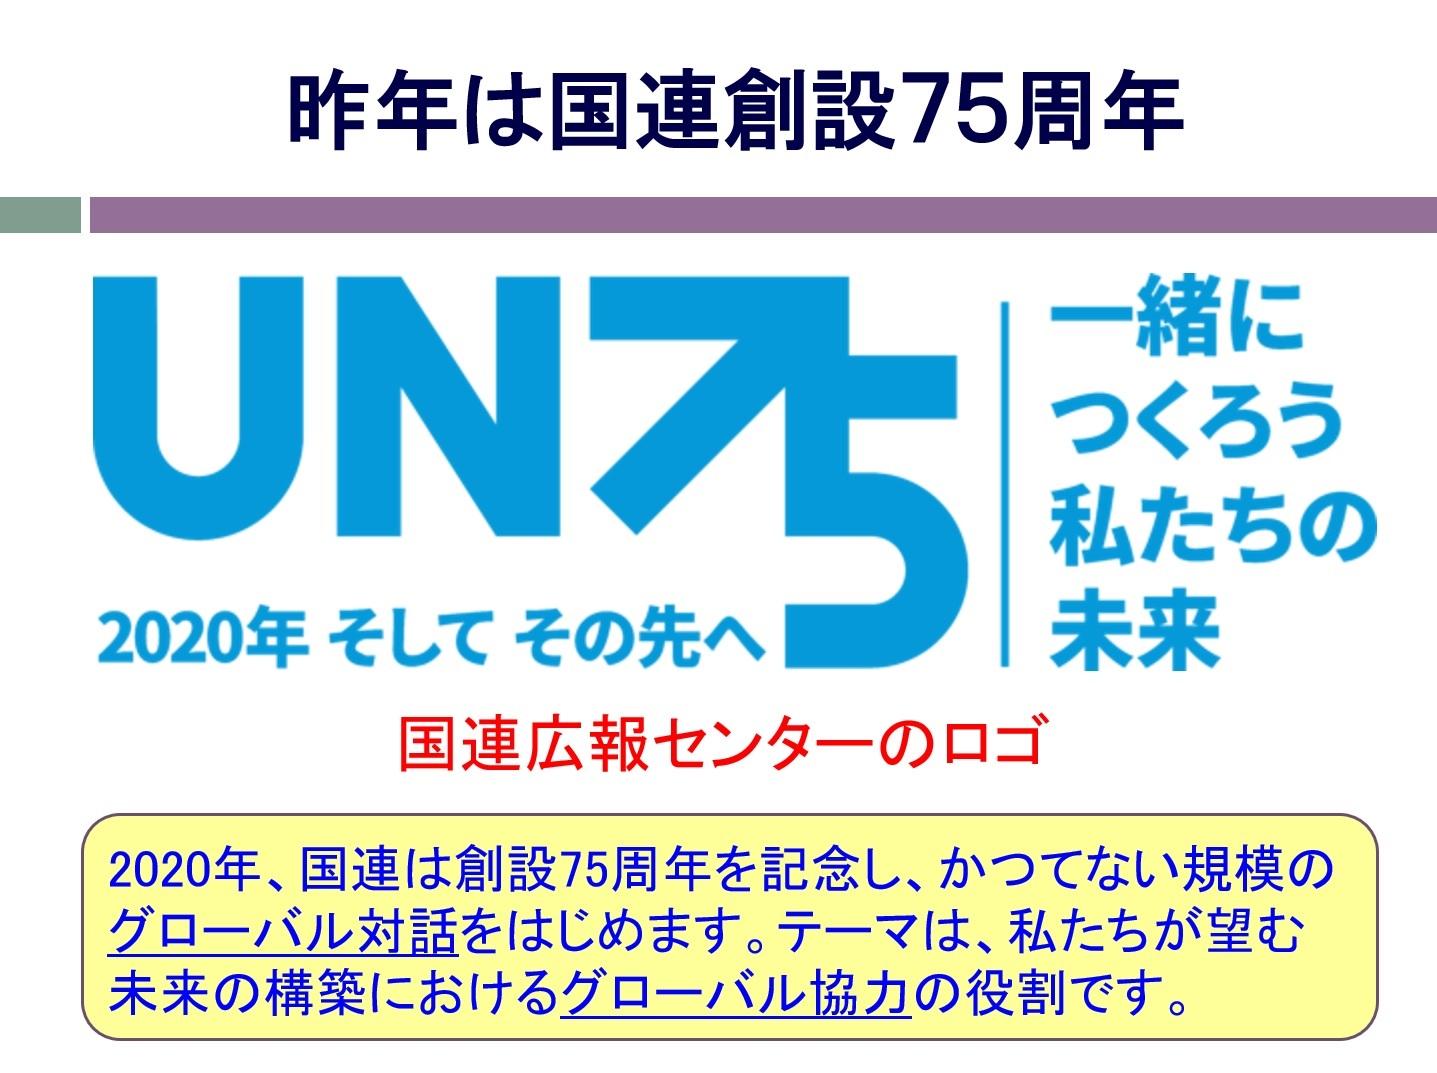 挿入画像01=国連を舞台とする米中の動向と日本
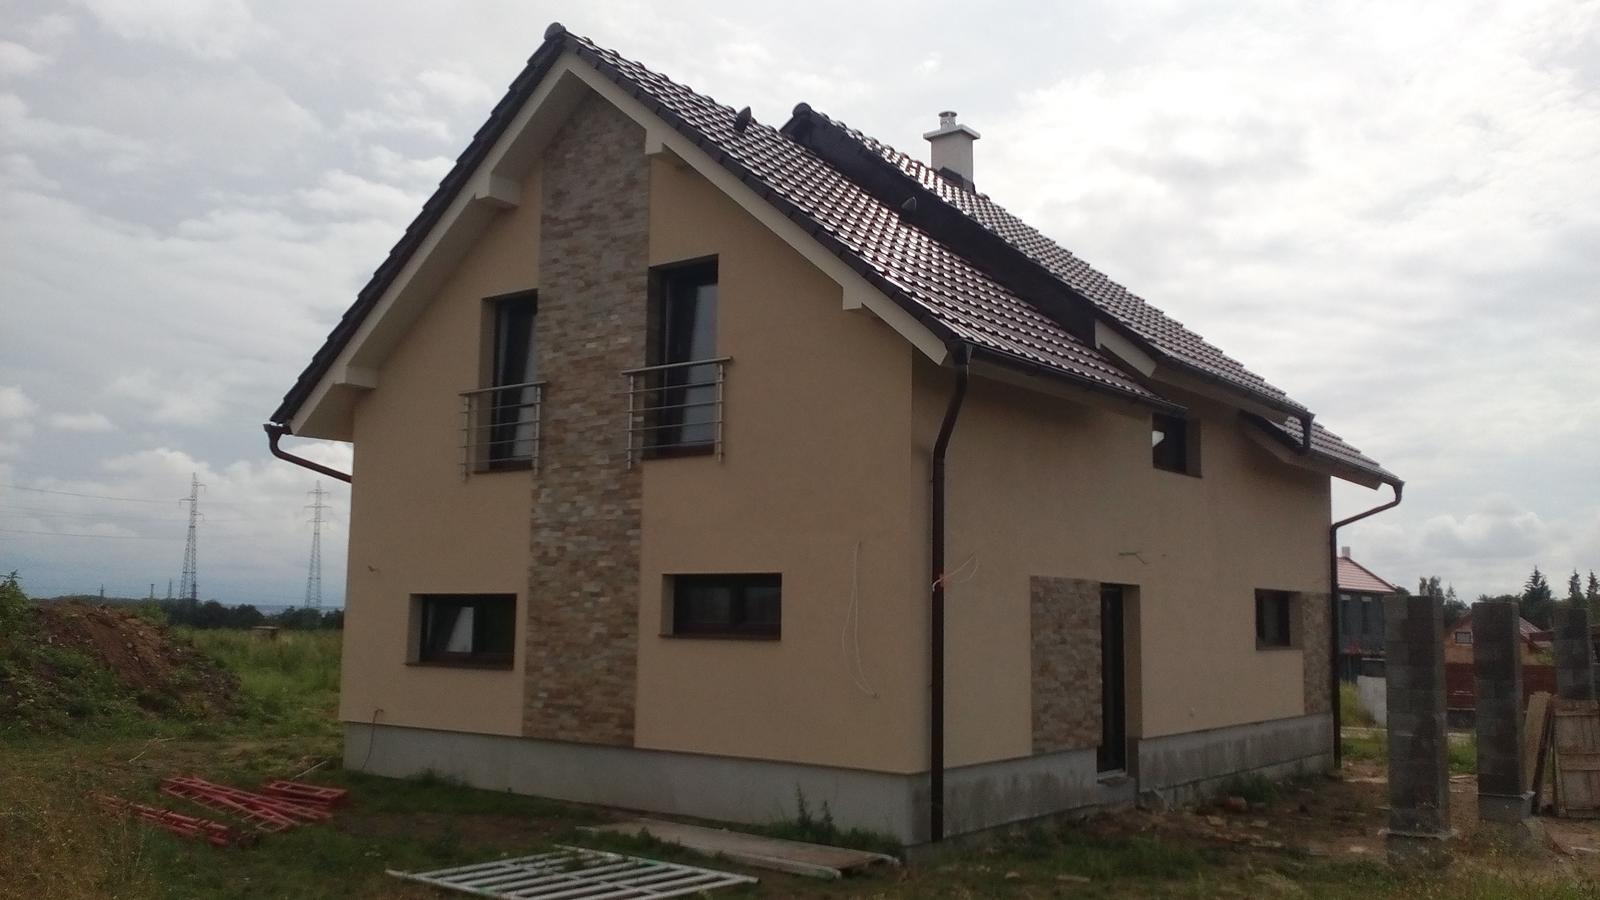 Stavba v kostce - Obrázek č. 87
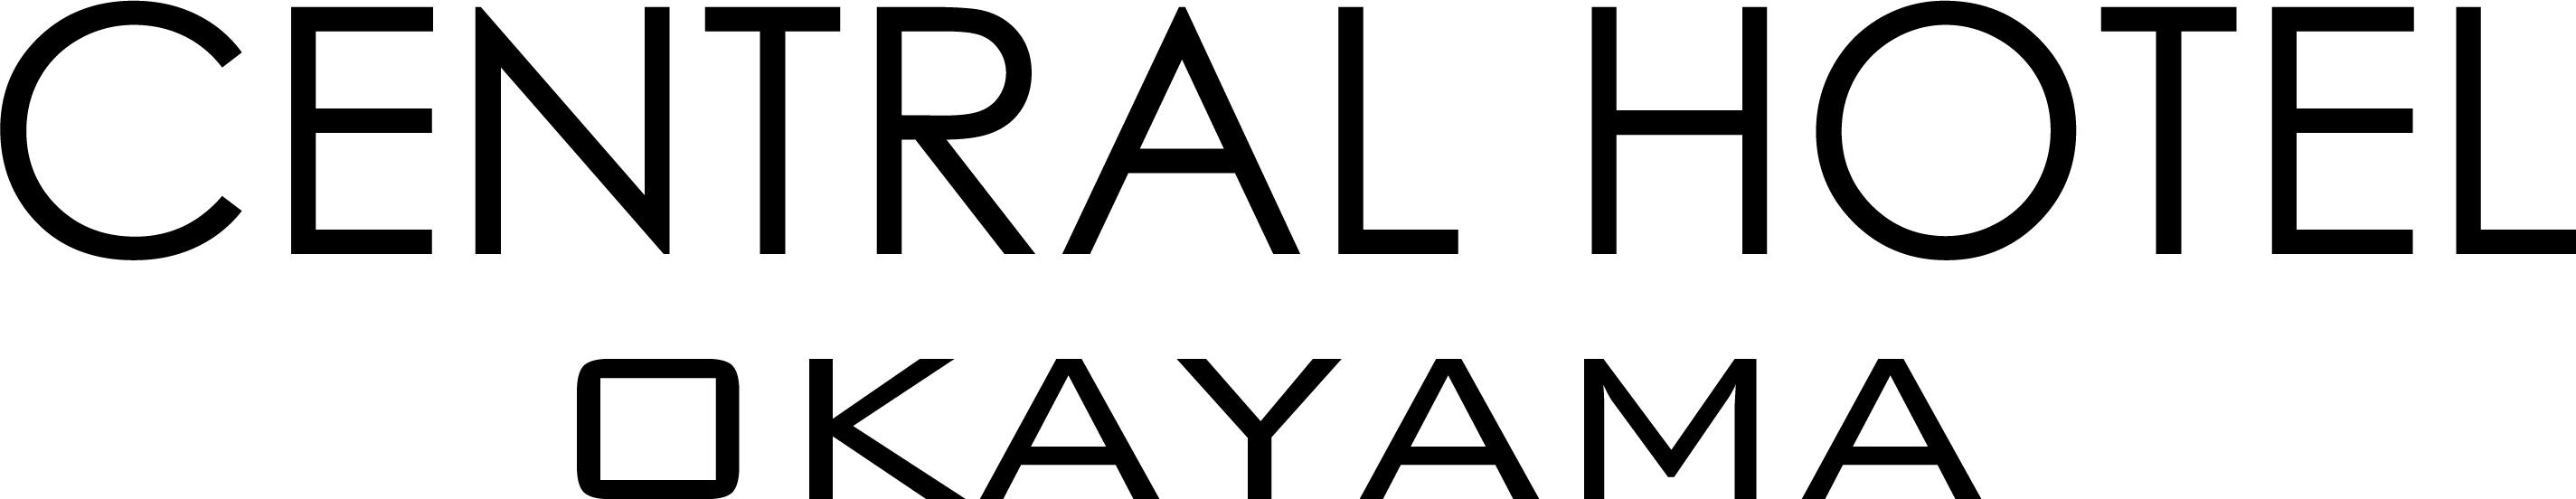 セントラルホテル岡山【宿泊予約 公式サイト】

= = =

## Problem description:
Output only the lines that run from the line containing "Stavba v kostce - Obrázek č. 87" to the last line of the data, exactly as they stand and without pictures.

## Exercise response:
 Stavba v kostce - Obrázek č. 87
 セントラルホテル岡山【宿泊予約 公式サイト】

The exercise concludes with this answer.